I. God’s love.—There are two kinds of love, the love of compassion and the love of complacency or delight. Both may perhaps be included here, but specially the former; for the apostle is referring to that by which he and his brethren became what they were, children of God. God’s free love or grace must go first; it is the foundation, the alphabet of the gospel. It is free love to the sinner, as a sinner,—not as elect, or as penitent, or as converted, but as a sinner. ‘God so loved the world, that He gave His Son.’ ‘God commended His love.’ ‘Herein is love, not that we loved God, but that He loved us.’ The object, then, of this free love is simply man, the sinner; and the extent of this love is the widest circle of human unworthiness. The question of more or fewer objects is of no moment. Its range is to the uttermost,—to each sinner on this side of hell. It compasses the wide earth; it goes up to the very gates of the prison. It came down on the crucifiers of the Son of God; and on whom, then, will it not fall? It has plucked millions of brands from the burning, and can pluck millions more. The gift of the beloved Son is the expression, the manifestation of this love: ‘Hereby perceive we the love of God, that He laid down His life for us.’ How infinite the fountain, to pour forth such a stream! And in the love of Christ we read the love of the Father. It was reflected in Him. In every word and deed, he who saw and heard Him saw and heard the Father. No man who came into contact with Jesus could doubt His love. The law of love was in His heart and on His lips; He came from the bosom of the Father to show what was there. And this is God’s answer to any one who doubts His love, ‘I have given my Son.’ You say, I am the chief of sinners; still His answer is the same, ‘I have given my Son.’ This is His message of love to the chief of sinners.
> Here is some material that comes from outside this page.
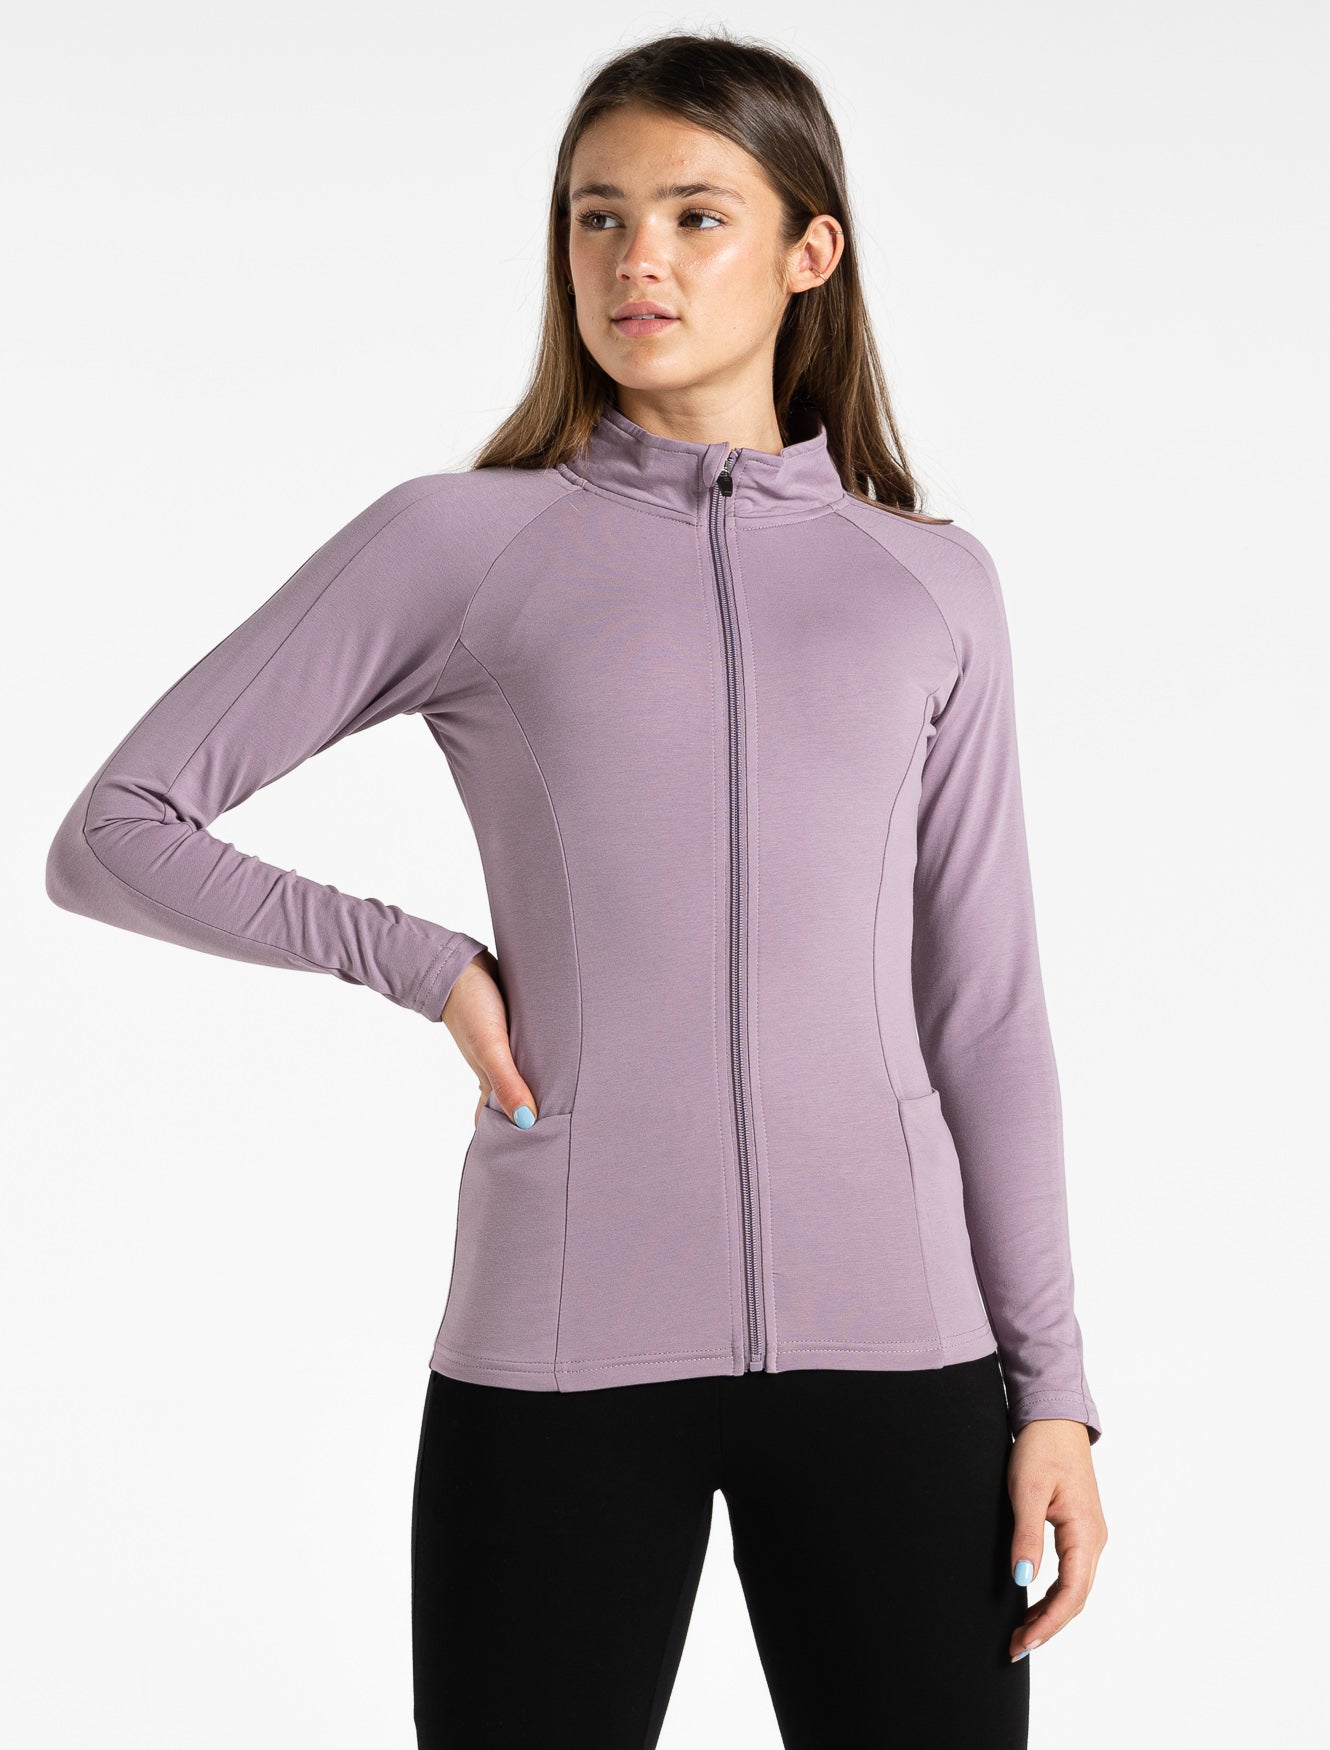 ProFit Jacket 003 / Lavender Pursue Fitness 1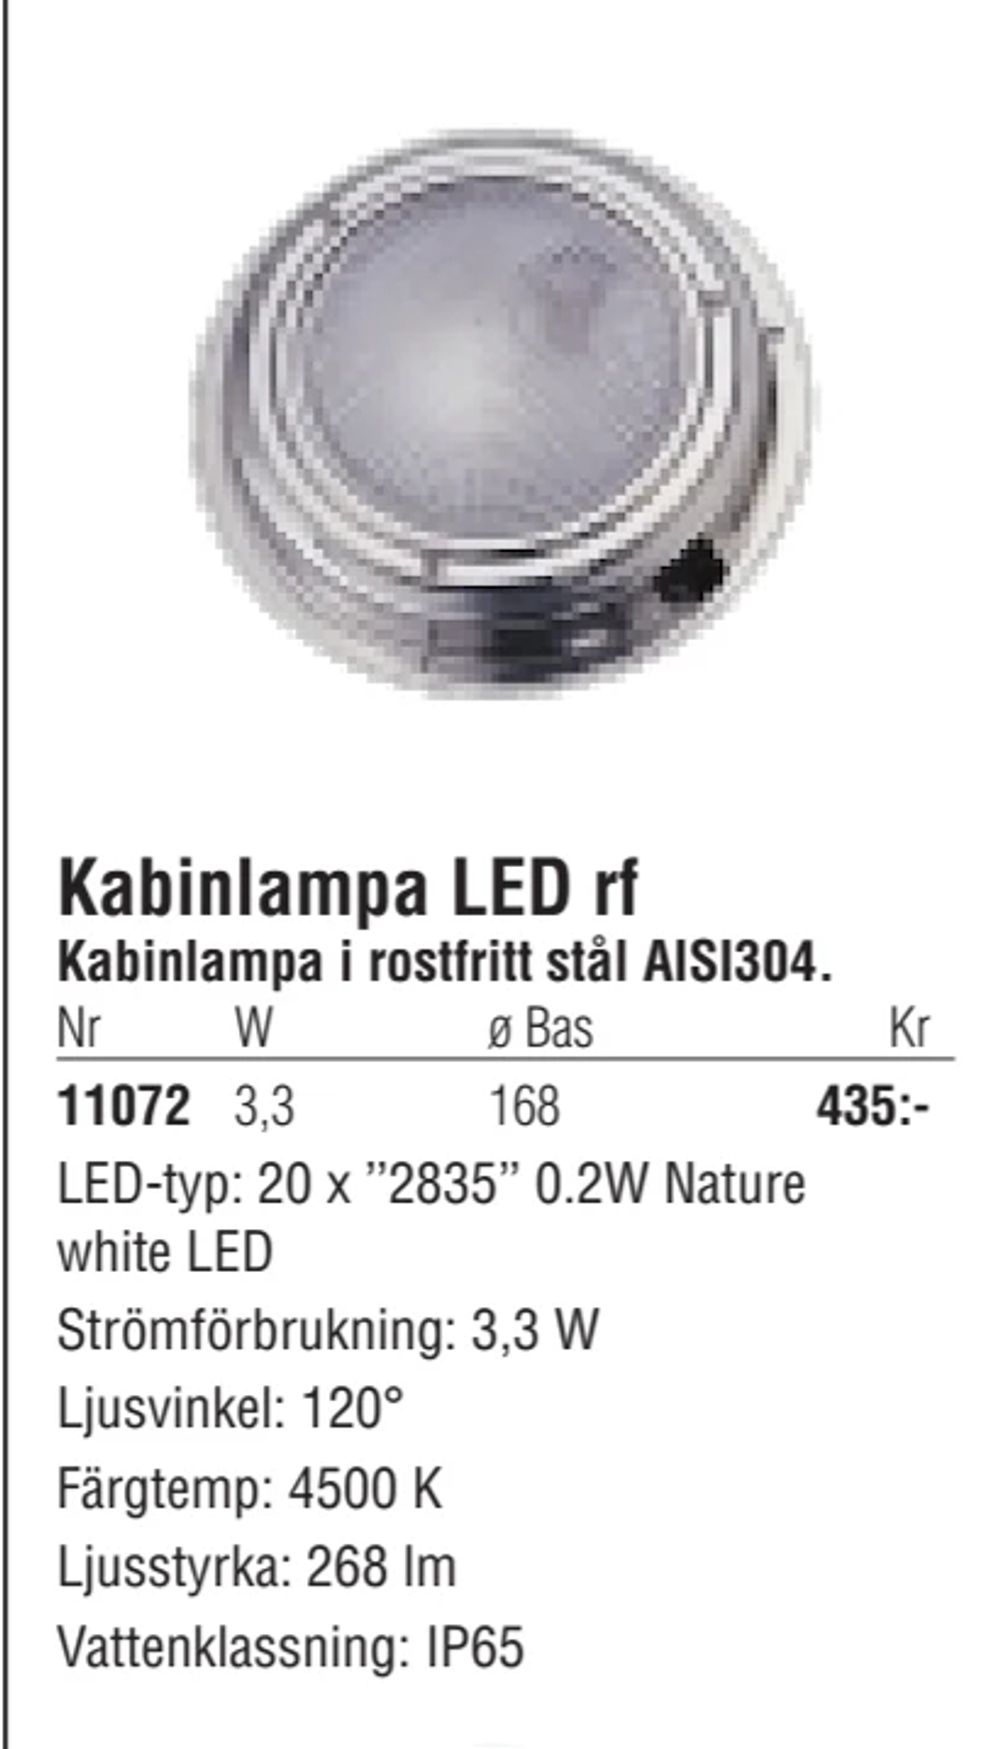 Erbjudanden på Kabinlampa LED rf från Erlandsons Brygga för 435 kr

II. Our knowledge of this love.—The record is given, yet it is not every one that knows it; it is true, yet it is not every one that believes it. They who know and believe it are few. But there are some who do so, and it is in their name that the apostle speaks. The love is free, sure, fully published. It is not to be bought, or deserved, or waited for; it is simply to be known and believed. For the things contained in this gospel of the free love, are such that they flow into us immediately in knowing and believing. There are cases in which good news may merely point to blessing, and tell of the possibility of obtaining it by exertion or purchase. Not so here. The good news are such that the simple knowledge of them is itself the blessing. That there are blessings after, or following upon this knowledge, is true; but the primary blessing is in knowing and believing. ‘Blessed are the people that know the joyful sound.’ It is out of this free love that we extract the peace which we need, our strength, our health. This love is everything to the soul; and he who has it shall abide satisfied. To know it is life.
This is the history of a Christian man. It is all that he can tell about himself: he has known and believed the love. He has nothing good to say for himself.
This is the line of separation between him and the world. They know not this love; he knows it. A small difference, a slender line, some would think; yet real, and deep, and broad. All on one side of it, darkness; all on the other, light.
This is the ground of his hope. He has known the love, and rests on it. It is shed abroad in his heart, and gives him the hope which maketh not ashamed.
This is the secret of his sanctification, the knowledge of God’s love. For it is holy love as well as free; and he who knows it knows what is best fitted to make him a holy man.
This is our defence against adversaries, and our consolation under the world’s hatred. Let who will hate, revile, persecute, we are in possession of a love which is more than a compensation for all.